Selain itu, stimulator kolagen bisa menjadi pilihan untuk membantu merangsang produksi kolagen alami. Kolagen berperan penting dalam menjaga kekencangan dan elastisitas kulit.
Seiring bertambahnya usia dan paparan faktor eksternal, produksi kolagen alami cenderung menurun.
Pilihan lainnya adalah laser rejuvenation atau microneedling. Keduanya dapat membantu memperbaiki tekstur kulit, menyamarkan pori-pori, meratakan warna kulit, serta merangsang regenerasi agar kulit tampak lebih sehat dan segar.

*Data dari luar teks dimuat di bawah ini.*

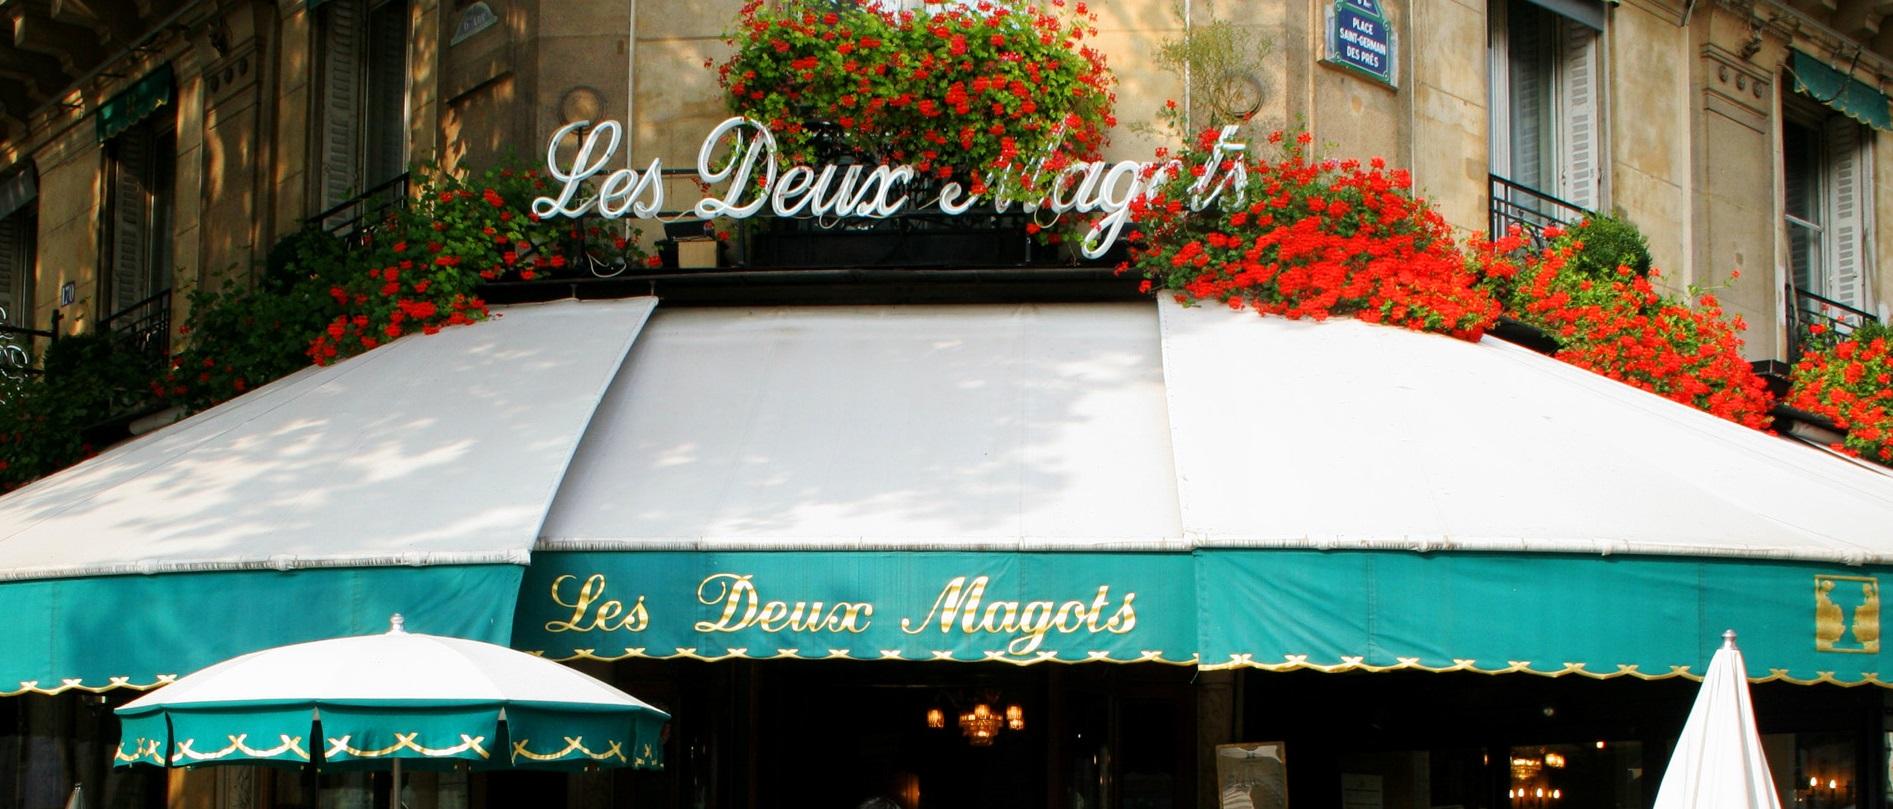 Midnight in Les Deux Magots
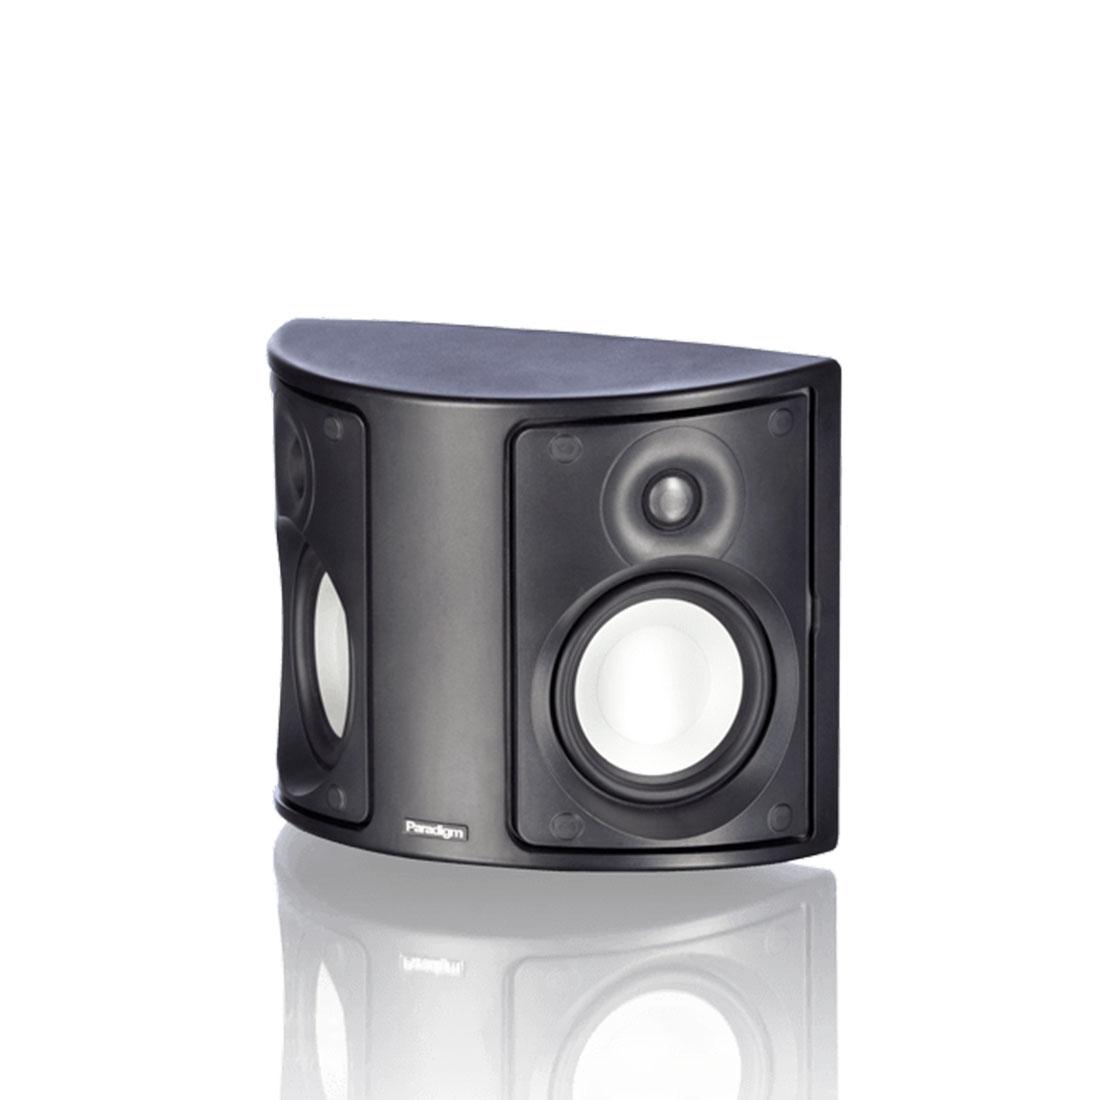 marantz sr5011 7 2 av receiver b stock paradigm monitor 9 floor speakers monitor center 3. Black Bedroom Furniture Sets. Home Design Ideas

Namun, pemilihan perawatan sebaiknya tidak hanya mengikuti tren atau tergiur harga promosi. Setiap tindakan klinis harus diawali pemeriksaan dan konsultasi agar dokter dapat menilai kondisi kulit, riwayat perawatan, serta kebutuhan pasien secara menyeluruh.
Salah satu kekeliruan yang sering muncul adalah anggapan bahwa perawatan anti-aging baru diperlukan saat memasuki usia 40 tahun ke atas. Padahal, menjaga kualitas kulit sejak usia muda dapat membantu memperlambat munculnya tanda penuaan nyata.
Prejuvenation dapat dipahami sebagai bentuk investasi jangka panjang untuk kulit. Dengan langkah tepat, seseorang dapat mulai menjaga kelembapan, elastisitas, tekstur, dan kecerahan kulit sebelum masalah berkembang lebih jauh.
Eva Mulia Clinic menyediakan berbagai layanan perawatan, termasuk skin booster, collagen stimulator, laser rejuvenation, dan microneedling.
Dengan memahami konsep prejuvenation, perawatan kulit tidak lagi harus menunggu hingga keriput muncul terlebih dahulu. Langkah kecil sejak usia 20 hingga 30-an dapat membantu menjaga kulit tetap sehat, segar, dan lebih siap menghadapi proses penuaan alami.